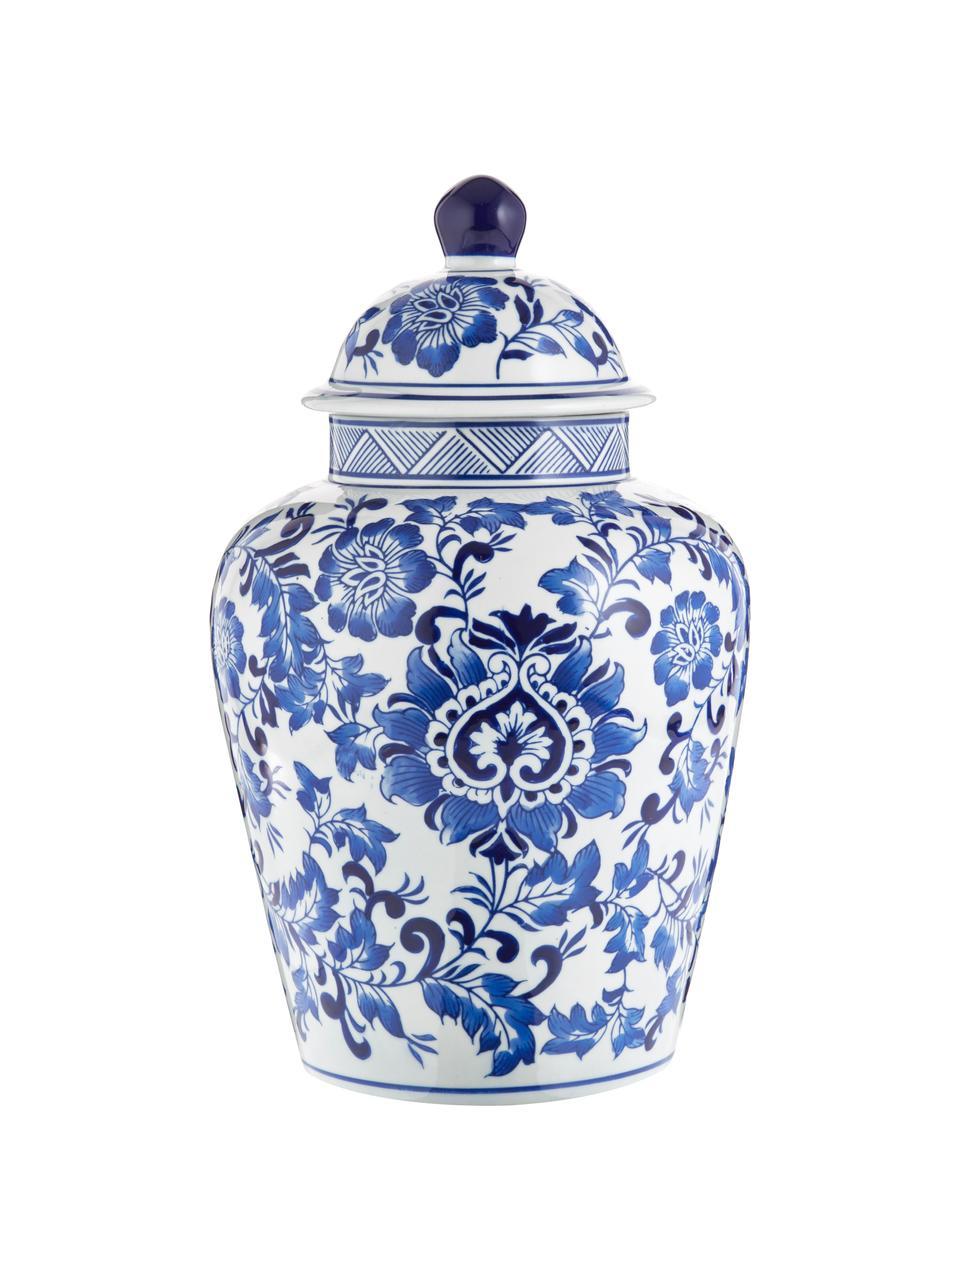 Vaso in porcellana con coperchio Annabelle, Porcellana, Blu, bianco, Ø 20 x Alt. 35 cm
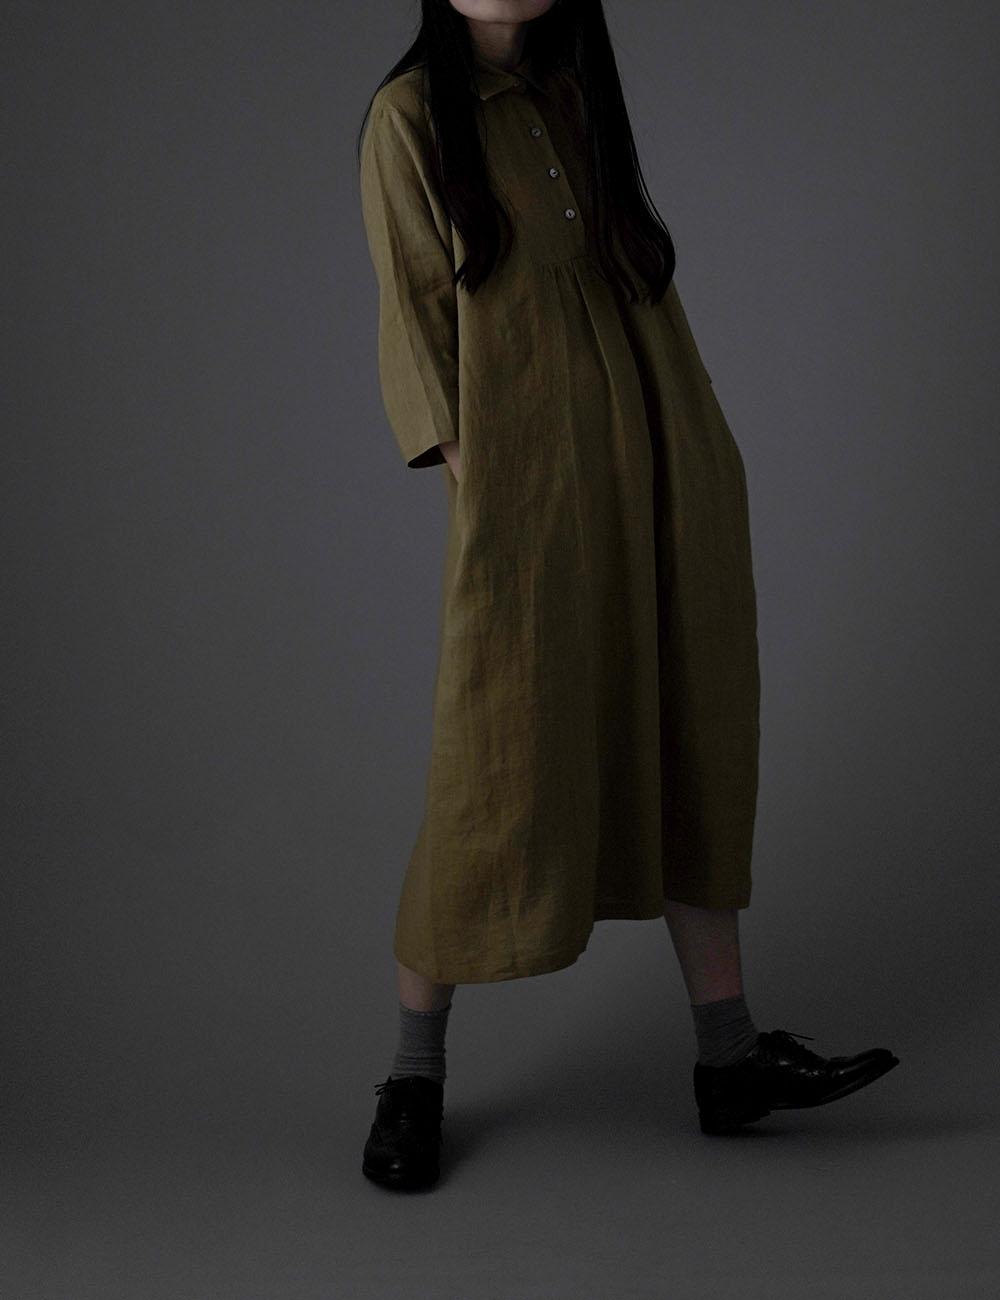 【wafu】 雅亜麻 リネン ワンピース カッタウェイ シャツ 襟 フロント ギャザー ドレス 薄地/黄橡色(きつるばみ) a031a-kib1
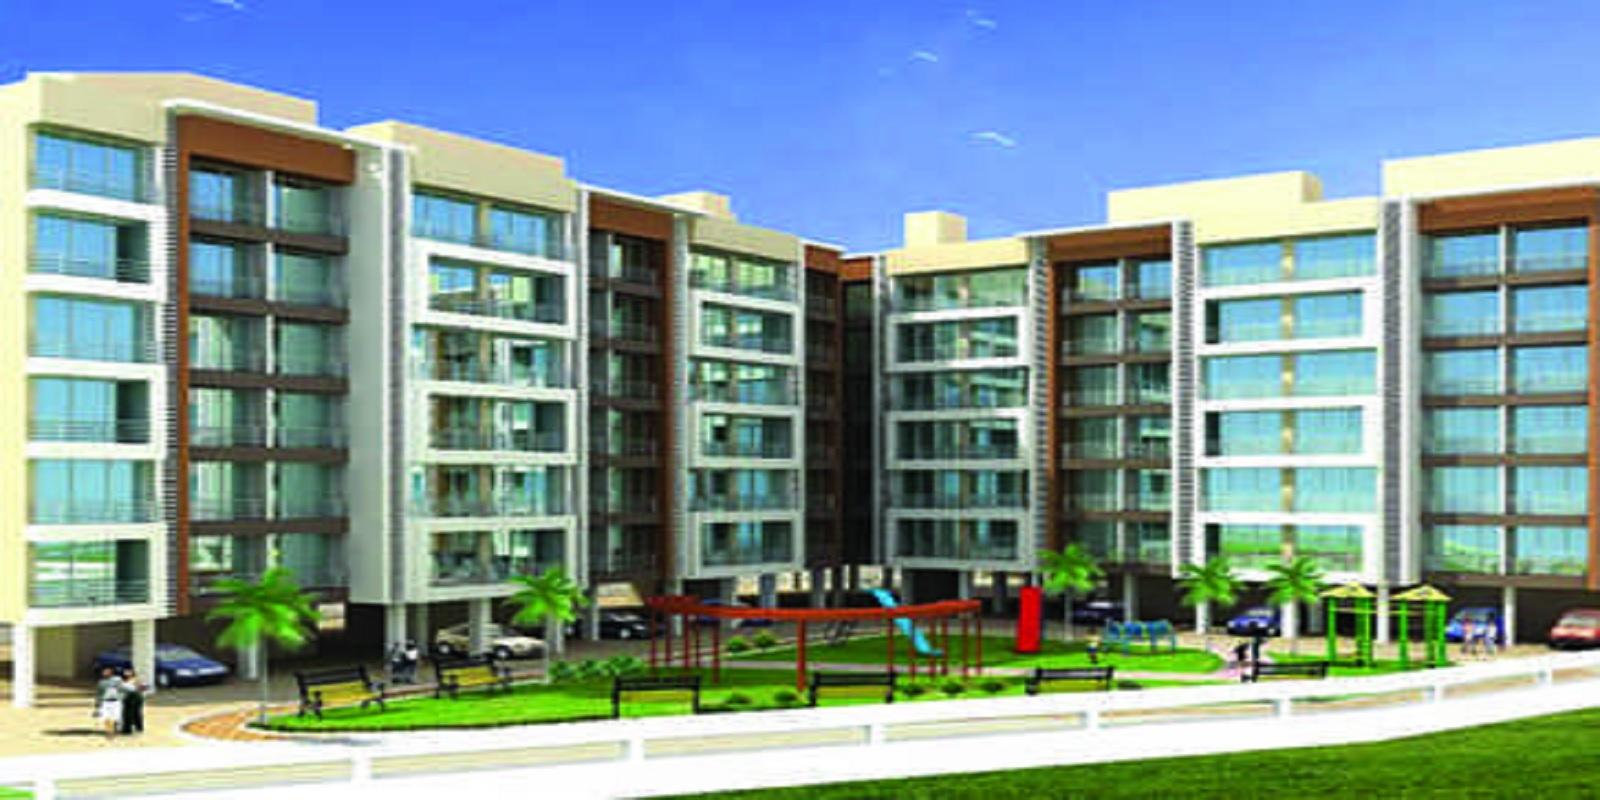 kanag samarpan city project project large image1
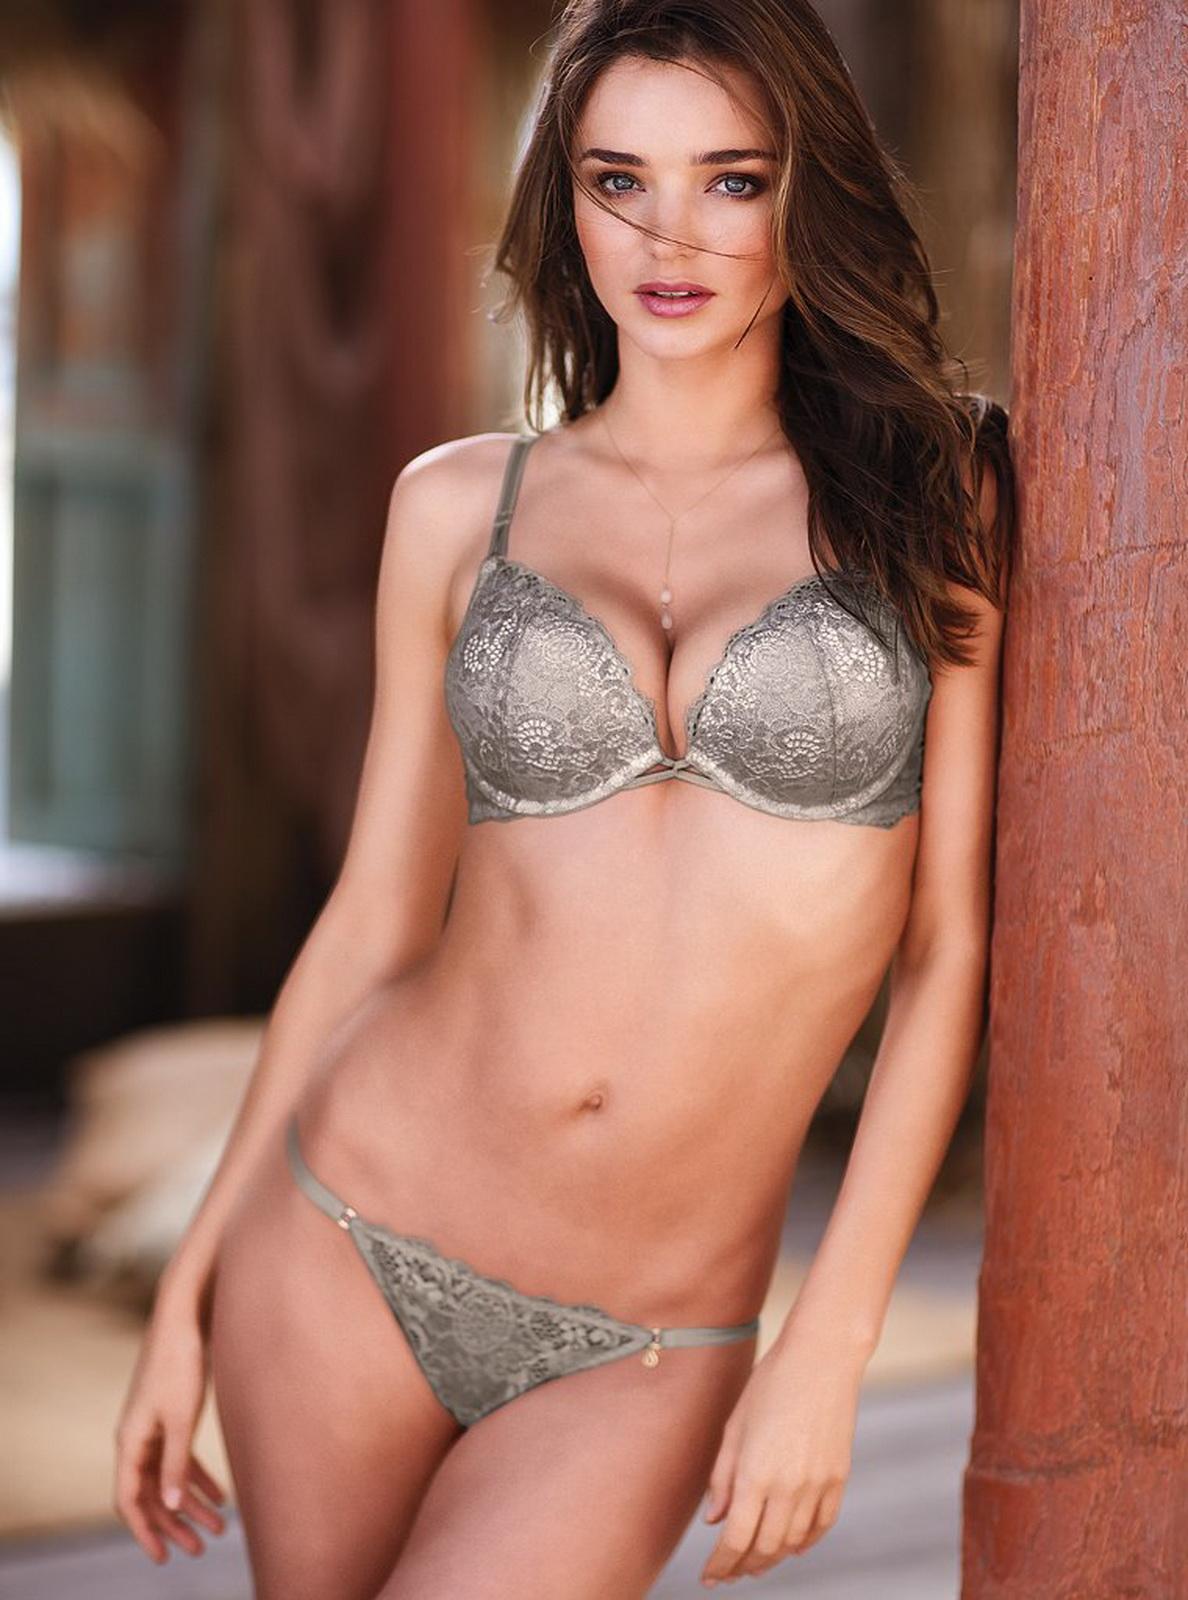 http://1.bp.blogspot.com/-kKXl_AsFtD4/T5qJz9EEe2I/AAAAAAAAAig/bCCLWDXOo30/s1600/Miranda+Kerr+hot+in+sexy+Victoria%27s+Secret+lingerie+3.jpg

**What is expected**
Return exactly the lines that begin with the one containing "ドレス 薄地/黄橡色(きつるばみ) a031a-kib1" and end with the final line of the data above; include no pictures.

**Solution to the problem**
 【wafu】 雅亜麻 リネン ワンピース カッタウェイ シャツ 襟 フロント ギャザー ドレス 薄地/黄橡色(きつるばみ) a031a-kib1
 kanag samarpan city project project large image1
 http://1.bp.blogspot.com/-kKXl_AsFtD4/T5qJz9EEe2I/AAAAAAAAAig/bCCLWDXOo30/s1600/Miranda+Kerr+hot+in+sexy+Victoria%27s+Secret+lingerie+3.jpg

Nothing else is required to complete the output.